Binghamton University’s theater department asks its audience to put its faith in the impossible with its second and final main stage production of the fall semester. “Man of La Mancha” reminds those watching to keep up hope when none is there to be found.
Written by Dale Wasserman, with music by Mitch Leigh and lyrics by Joe Darion, “Man of La Mancha” is based on Wasserman’s non-musical 1959 teleplay, “I, Don Quixote.” The musical tells the story of the “mad” knight, Don Quixote, as a play within a play, performed by Cervantes and his fellow prisoners as he awaits a hearing during the Spanish Inquisition.
The show is set up so that Don Miguel de Cervantes and his squire, Sancho, put on a charade for a group of prisoners, the story of Don Quixote. Eventually the prisoners become a part of the charade.
Caitlin Gotimer, an undeclared freshman who plays Fermina, said that the plot of the show can be very tricky to make sure that the contrast between prison life and “Quixote-life” is apparent, yet also realistic.
“Since the audition process, one thing Tom Kremer has repeatedly said is ‘’La Mancha” is one of the few plays that lets the audience know that the performers are acting,'” Gotimer said. “He has urged us all to take advantage of the liberty to act. That being said, the contrast between Don Miguel de Cervantes and Don Quixote de La Mancha is not only apparent, but makes the show so much fun to watch.”
Tom Kremer, a theater professor, is the director of the play. The cast raved about Kremer’s attention to detail and willingness to help them go as far as possible with their character. They describe him as having insight as well as artistic vision, and praise his constant support and encouragement throughout their work with the show.
Ian Penzel, an undeclared freshman who plays Juan, is extremely grateful to start off his theater career at BU with Kremer as his director.
“He is great to work with, being both fun and professional,” Penzel said. “We all have our laughs and good times, but we also know when it is time to work. Tom treats this show very professionally, as if it were a Broadway production. In turn, we are performing for Binghamton, a show comparable to a Broadway production.”
“Man of La Mancha” stars Steve Tarnow as Don Miguel de Cervantes.

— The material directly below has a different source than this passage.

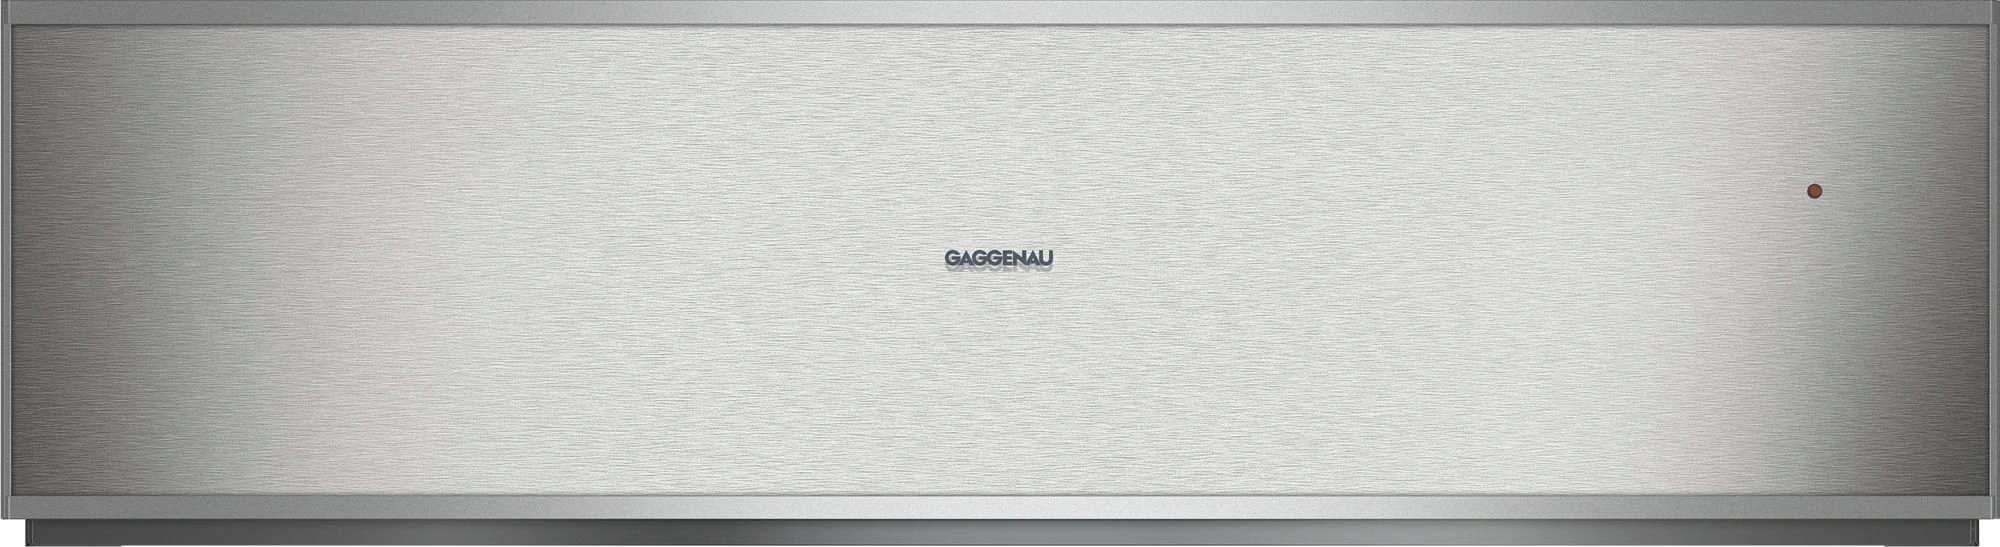 Gaggenau WS482110 Einbau-Wärmeschublade Edelstahl

Steve Tarnow, a graduate student in the theater department, stars as Don Miguel de Cervantes. He said that the role has been a great opportunity.
“Cervantes is the centerfuge to which the entire show really revolves around,” Tarnow said. “At times, Cervantes is very narrator-like as he goes through his story, teaching the parts to the other prisoners, but as Quixote, he becomes the very symbol of what it is to live life at its fullest, and what life ought to be, if only people would live their lives as if any moment could be their last.”
A unique aspect of this musical is the intricate fight scenes. Multiple cast members commented on enjoying the extensive stage combat they had to learn.
Austin Tooley, who plays Sancho, said that BU students will enjoy the play as it provides a chance to escape into a fun world.
“I think that the quest of Don Quixote is a quest that people can find in their own lives, a quest for something outside of themselves,” said Tooley, a first-year graduate student in the theater department’s directing track. “When the world begins to take on the grey pallor of war, hunger, hardship or any of [the] multitude of problems that beset life, then a quest for something far greater, even if unattainable, begins to look like the only glimmer of something hopeful.”
“Man of La Mancha” is set to open at 8 p.m. on Nov. 11, with performances at 8 p.m. on Nov. 12, 18 and 19 and at 2 p.m. on Nov. 20 in the Anderson Center’s Watters Theater. Tickets are on sale at the box office in the Anderson Center at $10 for students with ID, $16 for faculty/staff/seniors and $18 for general admission.